I discovered this for myself a few years ago when a large portion of my body became covered with an extremely painful skin condition. Since I’d had many other healings through prayer, it was natural for me to approach this situation prayerfully, too. And as I turned to God over several weeks, one idea resonated deeply: that I was God-created, so I had the authority and strength from God to say no to the thoughts of fear and despair that seemed so overwhelming.

As I did this, the terror associated with the enormity of the condition began to subside. But I was still in a lot of discomfort.

I continued to pray, though, and one day, a new idea occurred to me. From studying Science and Health and the Bible, I knew that God, being Spirit, had created me spiritually. So I had to ask myself: How could I, as a spiritual idea conceived by an all-good Creator, ever experience pain? The pain must be nothing more than a belief, as Eddy explained in Science and Health. I realized this meant that I could say no to the thoughts of pain, just as I had said no to  fear and despair.
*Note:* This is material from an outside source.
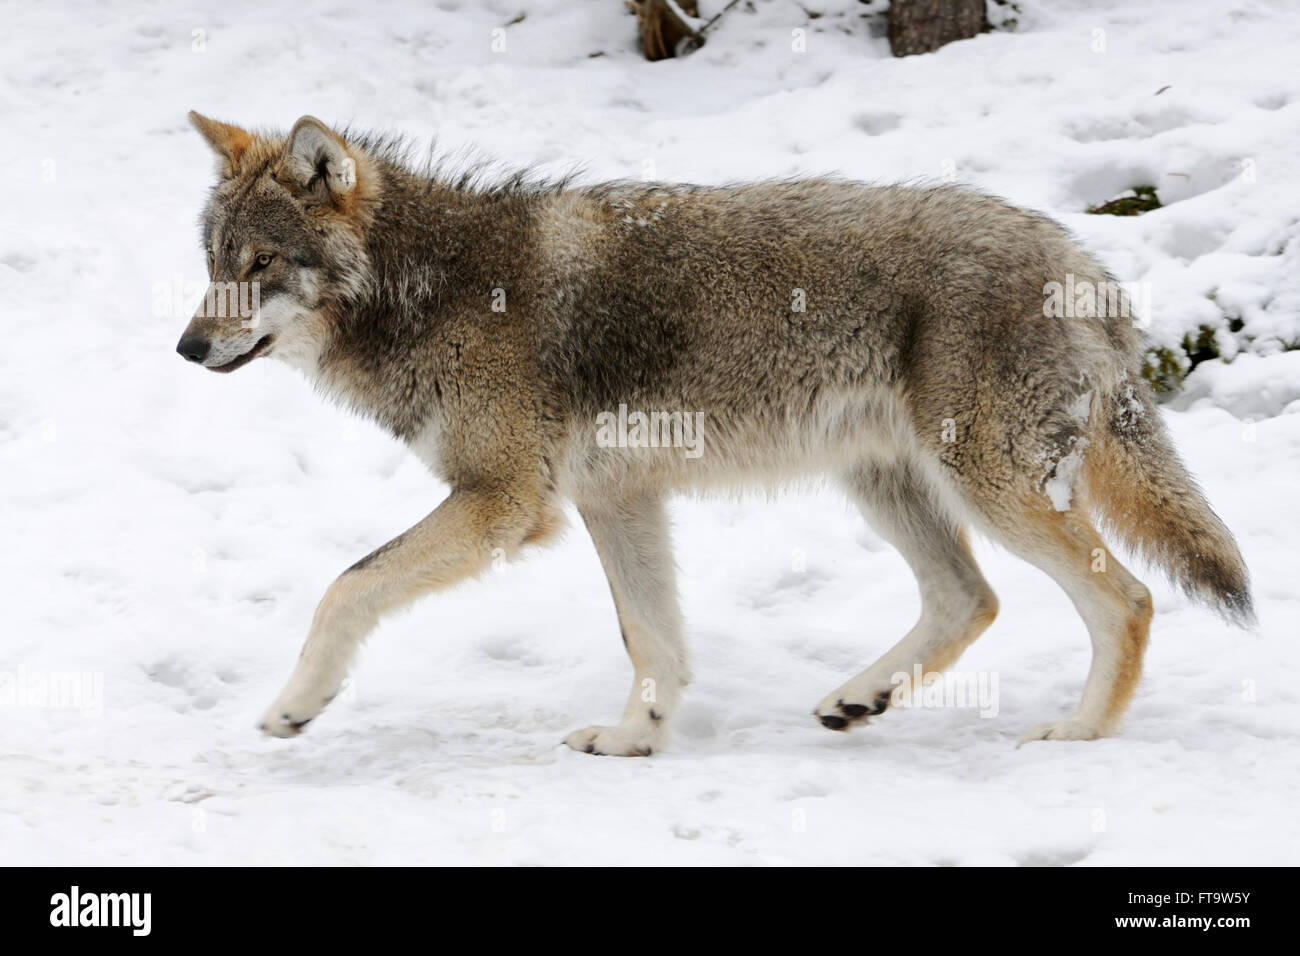 Eurasian Wolf / Grey Wolf ( Canis lupus ) in winter fur, presenting typical distinguishing features in snow covered environment. Stock Photo
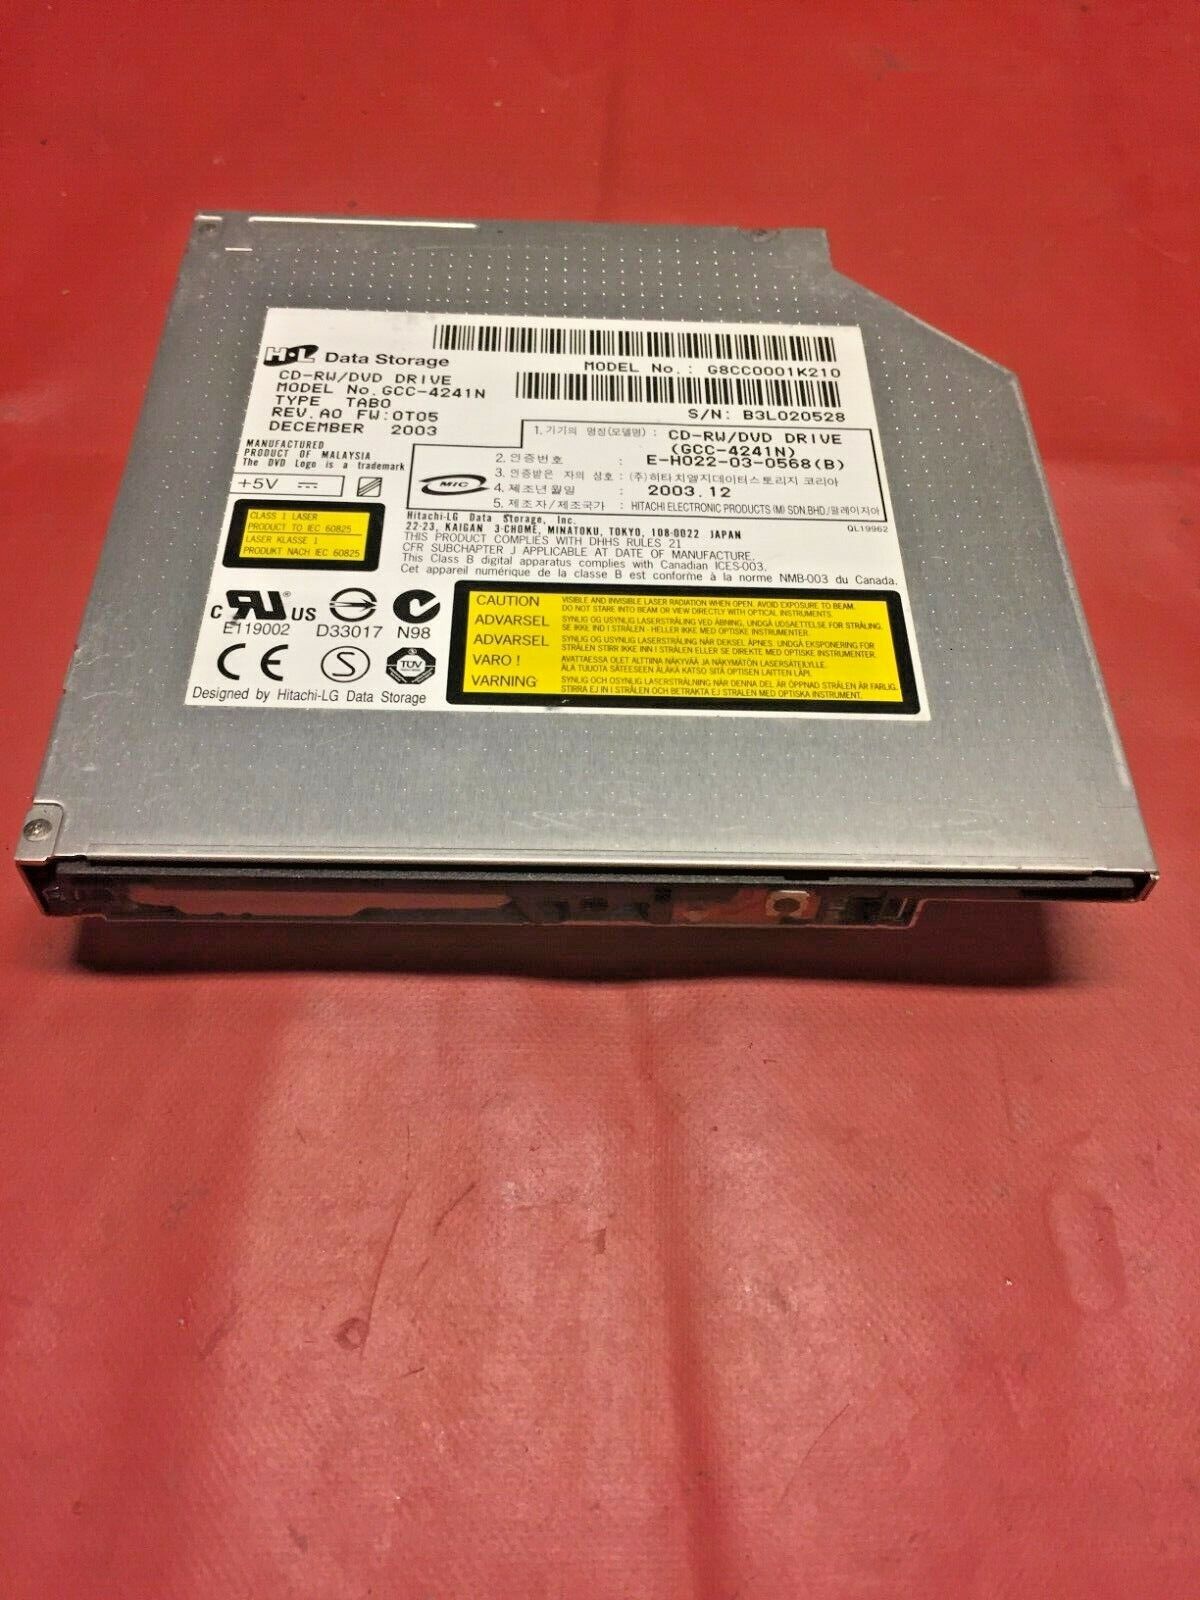 HLDS DVD/CD RW Drive GCC-4241N Tested and Works No Faceplate

This was more than some mind-over-matter exercise. I know it was, because the pain was, at times, so intense, that I couldn’t have mustered up the strength to say “no” to it on my own. But as I felt the Christ, the saving power of Love, lifting me up, I felt supported in this protest. Slowly but surely, I found my thoughts turning from the aggressive suggestions of pain and, instead, embracing the reality of God’s love and care for me. Shortly thereafter, the pain left. Soon, I was completely healed.

From my own experiences with healing pain, I’ve come to love this passage from Galatians, which feels like a benediction for our efforts toward eliminating pain, permanently: “Stand fast therefore in the liberty wherewith Christ hath made us free, and be not entangled again with the yoke of bondage” (Galatians 5:1).

To me that’s a promise that we all have a right to be free from pain. God made us to be free. He didn’t create some of us with a mind that’s specially wired to “wander” from pain, and others who are destined to live in the bondage of unrelenting discomfort. Our God is so good that He created each of us with the authority to stand up to the belief of pain, thereby destroying it. And He gave us a Savior – the Christ, that saving power of Love – to hold us up as we do.